But what about the Z axis ? well a screw thread or better yet a lead screw has an exactly engineered thread, it may be slower than a toothed belt but you’re very unlikely to find your Z axis needs calibrating…
That said there is a good chance that X & Y axis may well be just a touch out of calibration, while 1 or 2 percent is going to make a really tiny (i.e. no!) difference, on most small parts you want to print, when you want to print something larger you could well notice the difference. For example mortice and tenon joins of different prints, or even more exacting (believe it or not) interfacing with Legos, you will find a properly calibrated printer essential.
The first job is to take some measurements, it doesn’t matter if you don’t have a fancy pants engineers ruler where zero is exactly on the end of the ruler, but it is handy if the end is square… for the Y axis its easy to use the bed itself as guide for the ruler and the frame as a stop. Using either the menu on the printer itself or software like Pronterface move the bed so its convenient to take a measurement, remembering that you need to be able to leave room to move the bed 100mm. Take your first measurement and then move the bed 100mm so you can take a second measurement. Subtract one from the other and if you end up with 100mm then happy days, meanwhile in the practical world 😉 you might have a value like say 101mm, write this down as your actual Y axis movement.

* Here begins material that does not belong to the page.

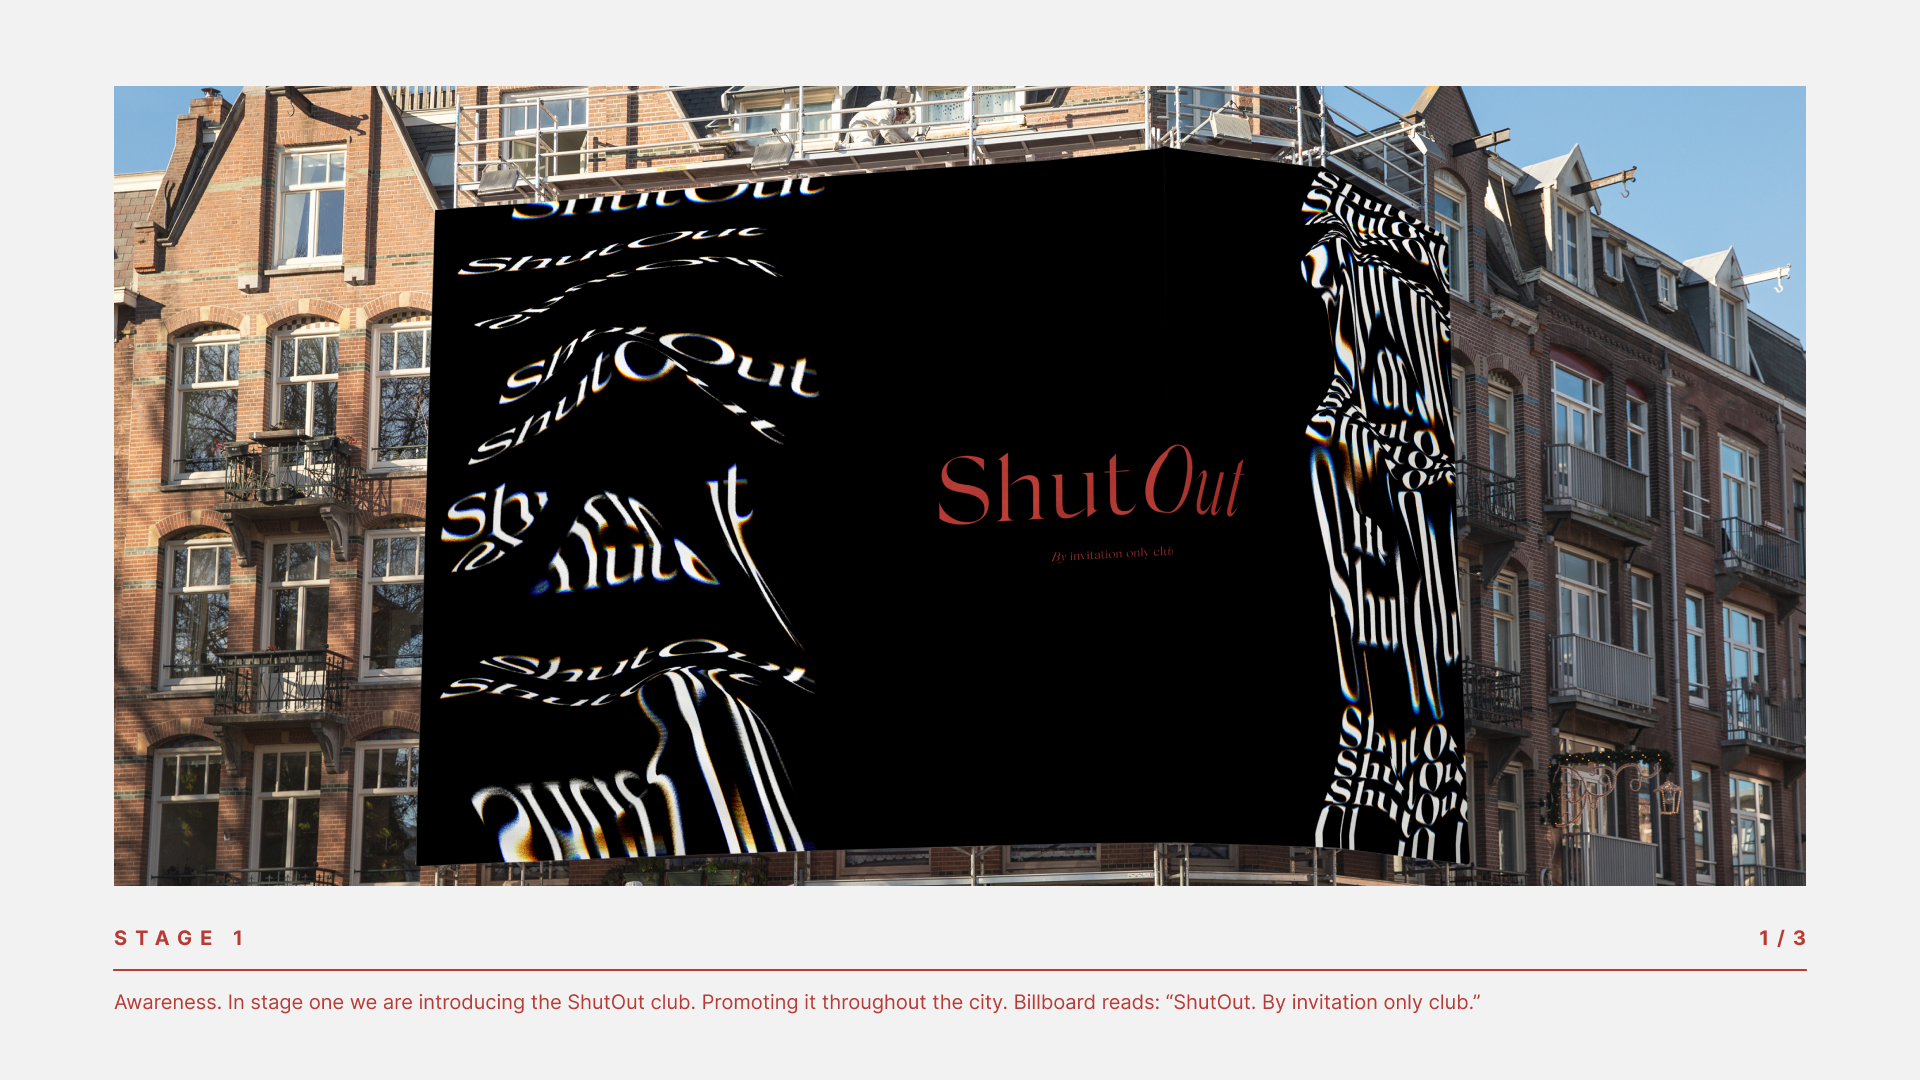 STAGE 1 Awareness. In stage one we are introducing the ShutOut club. Promoting it throughout the city. Billboard reads: “ShutOut. By invitation only club.”

Its no surprise that the X axis is rinse and repeat… find a convenient place to brace your ruler and make two measurement before and after an X axis 100mm move.
In case you are wondering what about all those 10mm-30mm calibration shapes on thingiverse…? Well they are a complete waste time, do you really think you could accurately measure 1% difference over 10mm? Personally I’m not so confident about my measuring ability.

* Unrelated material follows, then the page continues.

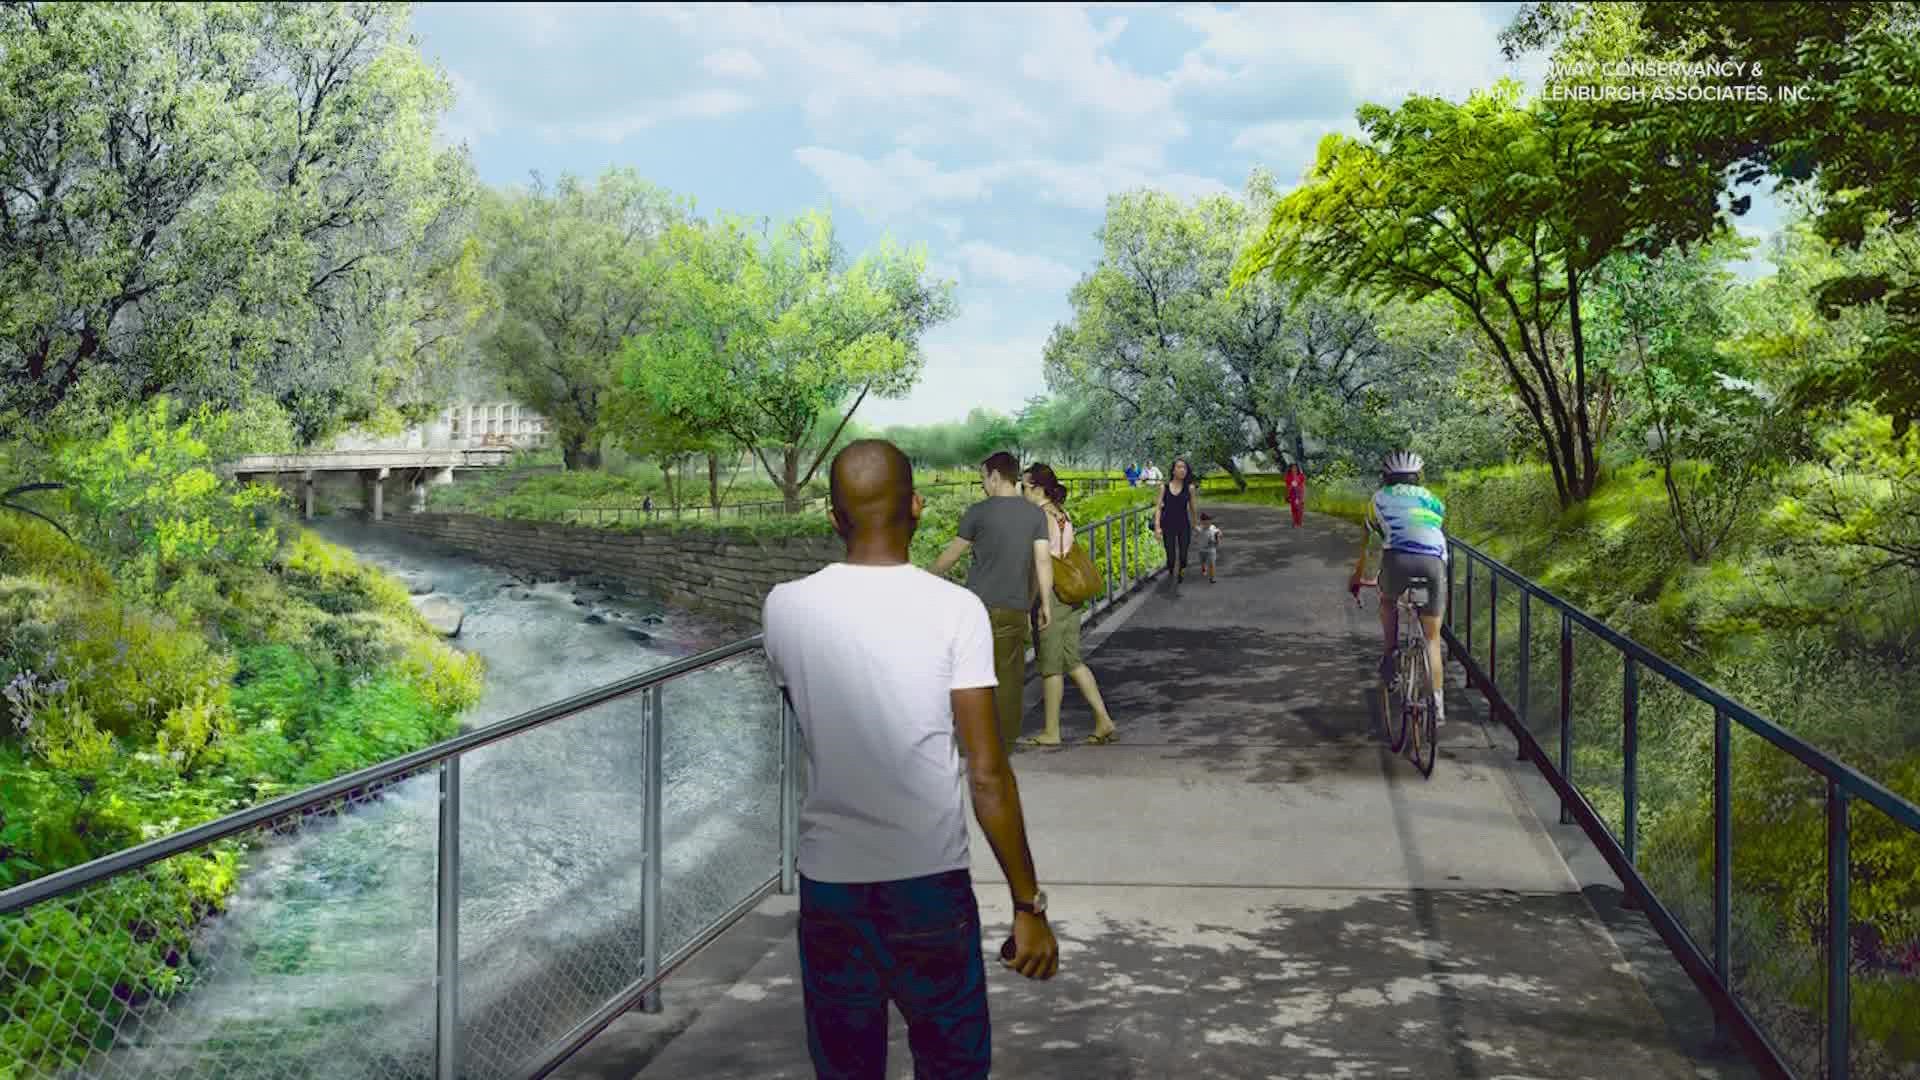 This is part of a bigger park system along Waller Creek in Downtown Austin.

Buried in the control menu of your printers LCD you should be able to find what your current steps per millimetre is for your X & Y axes with this information you have everything you need, so its time for a formula!

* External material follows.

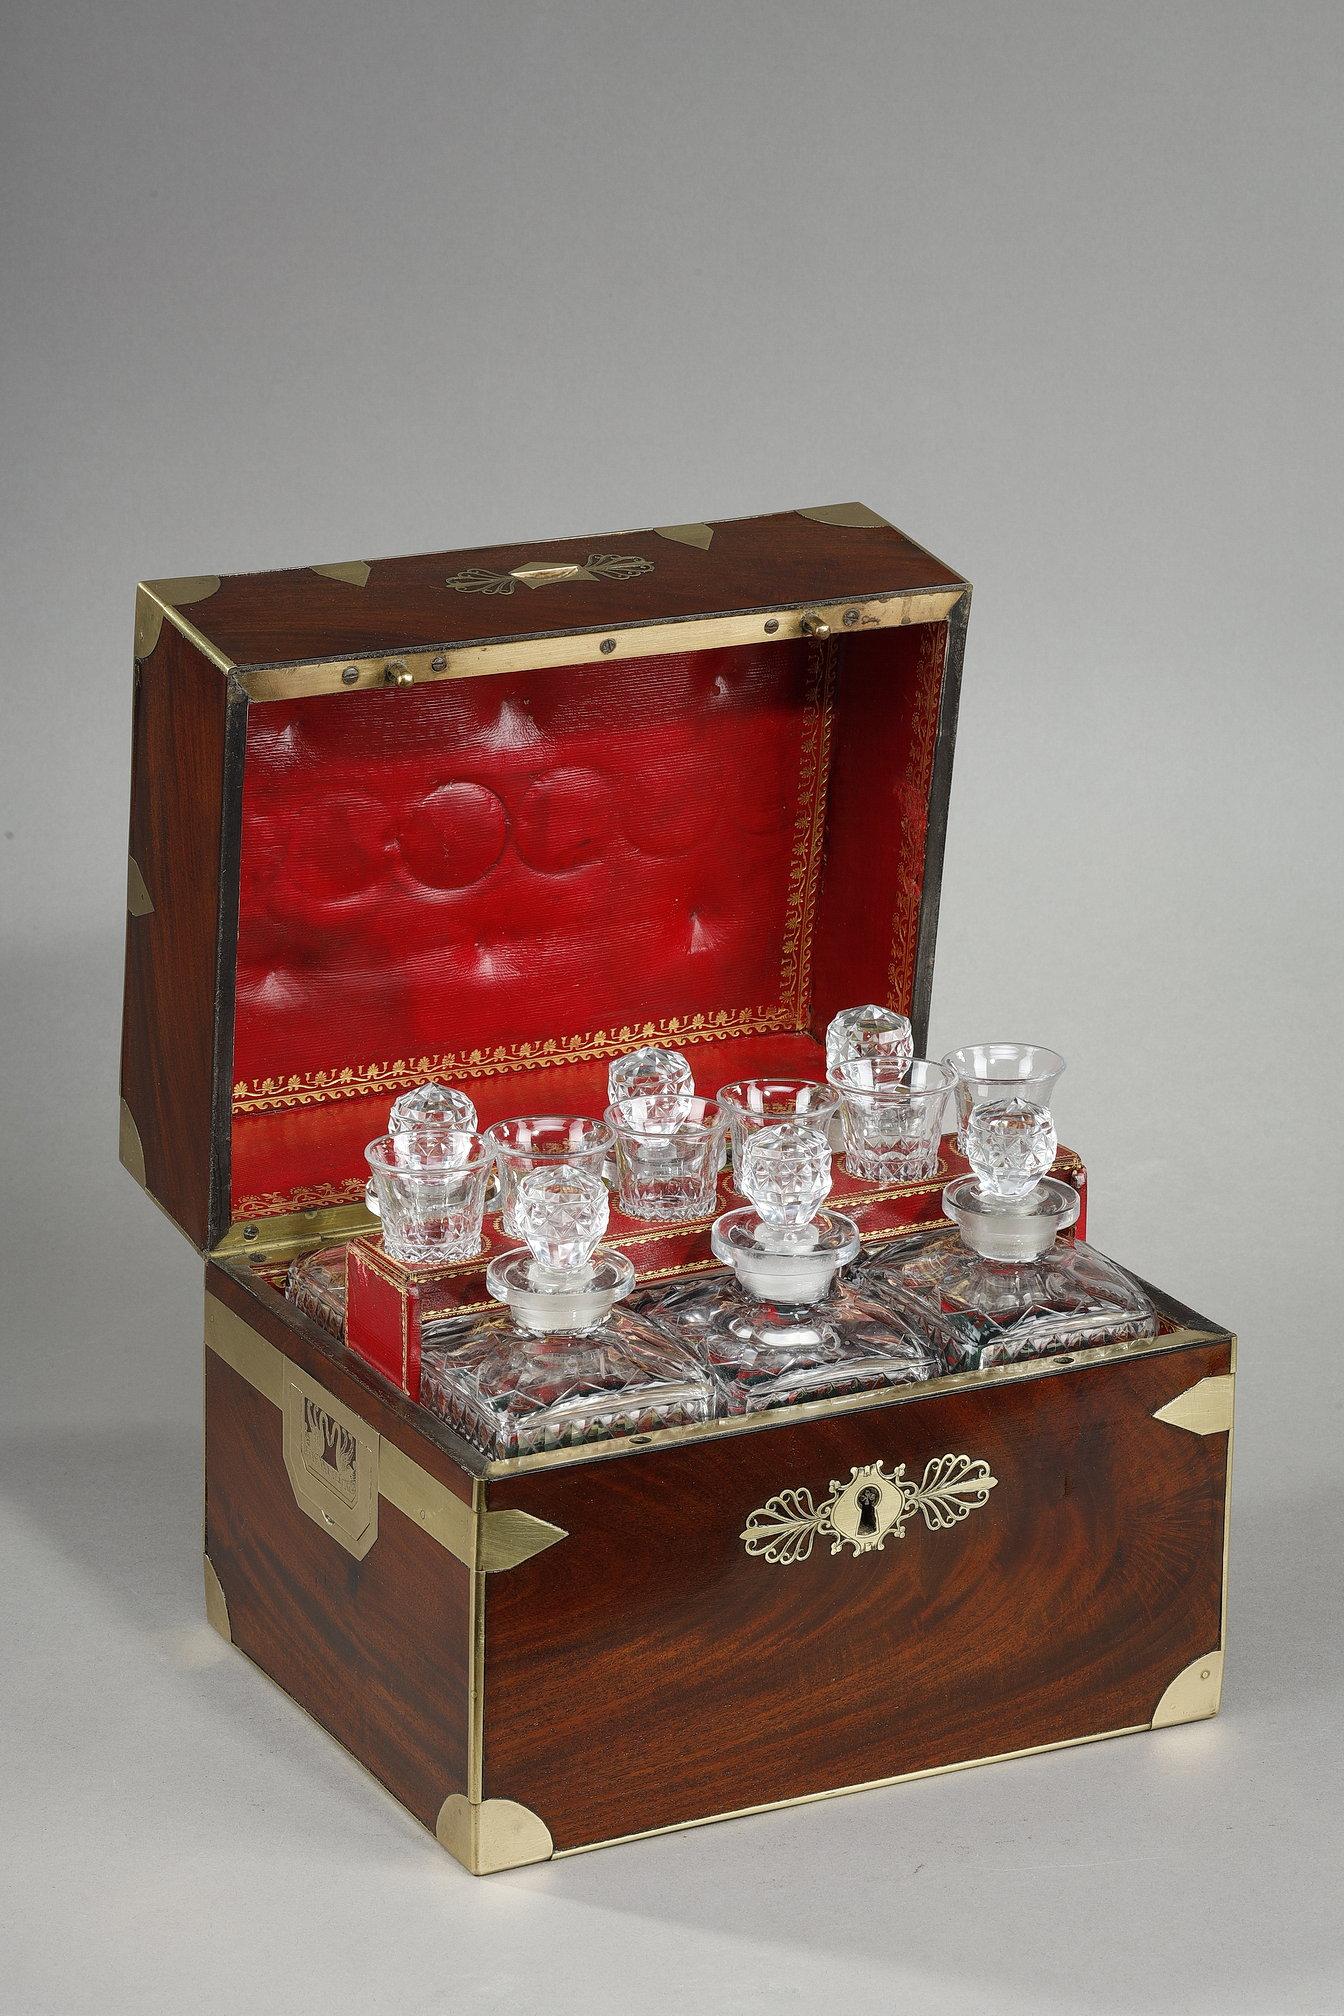 Flamed mahogany liqueur cellar with brass inlaid frame simulating box hardware. The side handles are also inlaid around a motif of two swans facing each other. The keyhole and opening handle are adorned with two palmettes. A monogrammed CG

new steps per mm = old steps per mm * ( 100 / actual distance moved )
Although its a simple formula lets work and example through, given a machine with 80.75 steps per mm setting and a measured movement of 101mm
N = 80.75 * ( 100 / 101 ) 80.75 * ( .9900990099 ) 79.95049504950495
Its not unusual for supplied firmware to come without EEPROM support, this is because when giving support for a kit, when the machine is power cycled it will be in a known state without any oddness from some errant setting in the EEPROM… Luckily because of the power of gcode this doesn’t mean we have to recompile our firmware. A simpler method and just as effective is to embed the settings into each print, many slicers will allow you to put your own “custom” gcode into the print for example in Slic3r in the printer tab there is a text box for the code you wish to be put at the start of each print
M92 X79.950495 Y81.565657
Inserting gcode like this with the appropriate values will make sure that your printer is “reset” to the correct calibration.
Obviously you do need to check that everything has gone okay, two options, either repeat the measurement procedure above or if you’re super confident print out a 10cm X 10cm L shape…